Re: Connection reset by peer - need a patch
From: Ilpo Järvinen <hidden>
Date: 2009-02-28 10:03:14
On Fri, 27 Feb 2009, Pascal GREGIS wrote:
I have a very annoying bug that seems to be well known today. It happens on a backup server that issue a "Connection reset by peer" while the other side does not reset or stop the connection.
If I understand you correct you lost synchronization between hosts... If so I'd suggest you start tracking what's getting dropped/discarded and where (it might affect only a single direction). Any middlebox is outright a suspect :-). Tcpdump (on both host, and possibly on intermediate nodes ifaces if losses in between are found from the end host tcpdumps), mibs (/proc/net/netstat, for in-host discards) and strace are there to help you onward. Even if it's not lost syncronization you basically use the same tools.
I have found a report that seems very similar on this mailing list : http://kerneltrap.org/index.php?q=mailarchive/linux-netdev/2008/4/28/1628834 this sends to the commit 7951f0b03a63d657c72c7d54d306ef3357e7e604 Author: Daniel Lezcano <... Date: Thu Apr 10 20:53:10 2008 -0700 [NETNS][IPV6] tcp - assign the netns for timewait sockets and gives a simple patch that adds the line tw->tw_net = sk->sk_net; somewhere in the function inet_twsk_alloc (in the file net/ipv4/inet_timewait_sock.c).
I don't think you're on a right track with that lead...
Right, but the problem is that I use a kernel 2.6.21.1 and cannot upgrade my whole kernel easily. And in the kernel 2.6.21.1, network namespaces don't seem to exist, so I cannot apply this simple patch.
...as that bug was introduced along with network namespaces, so for sure you won't need that fix for anything that doesn't have them. <update>Ah, DaveM already told that</update>.

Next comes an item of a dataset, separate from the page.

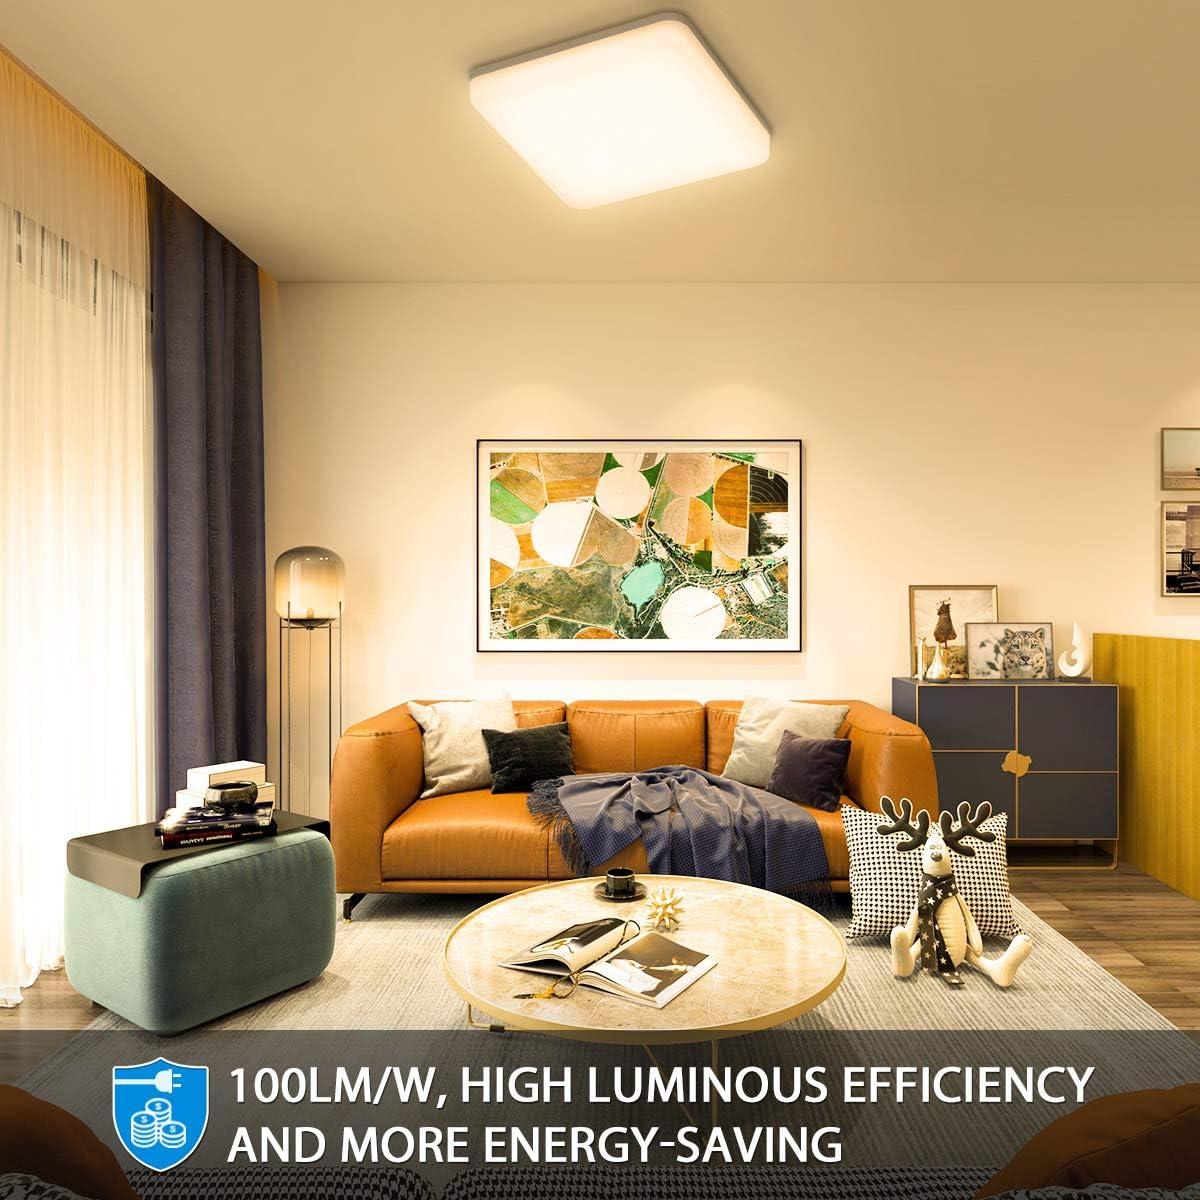 Kinderzimmerlampe Oeegoo LED Deckenleuchte Warmwei/ß Essenzimmerlampe IP44 Wasserdicht LED Deckenleuchte Schlafzimmerlampe Badlampe 3000K 24W 2400LM Led Deckenlampe Bad K/üchenlampe

I am in a very uncomfortable situation because this bug is causing harmfull problems on all the backup servers of my company and as I said above, upgrading the kernel is not really possible at this time. > Does anyone know what I could do to solve this ?
Unfortunately it's a bit same for us as we don't act as a support for random, ancient kernels (if it's a distro kernel you can probably ask them but basically you'll need more information that what's available in this mail to actually solve the problem)... I gave you some directions how these problems are located in general regardless of kernel version. On the other hand, please don't hesitate to report/ask from us if you have a recent enough kernel and encounter some problems. -- i.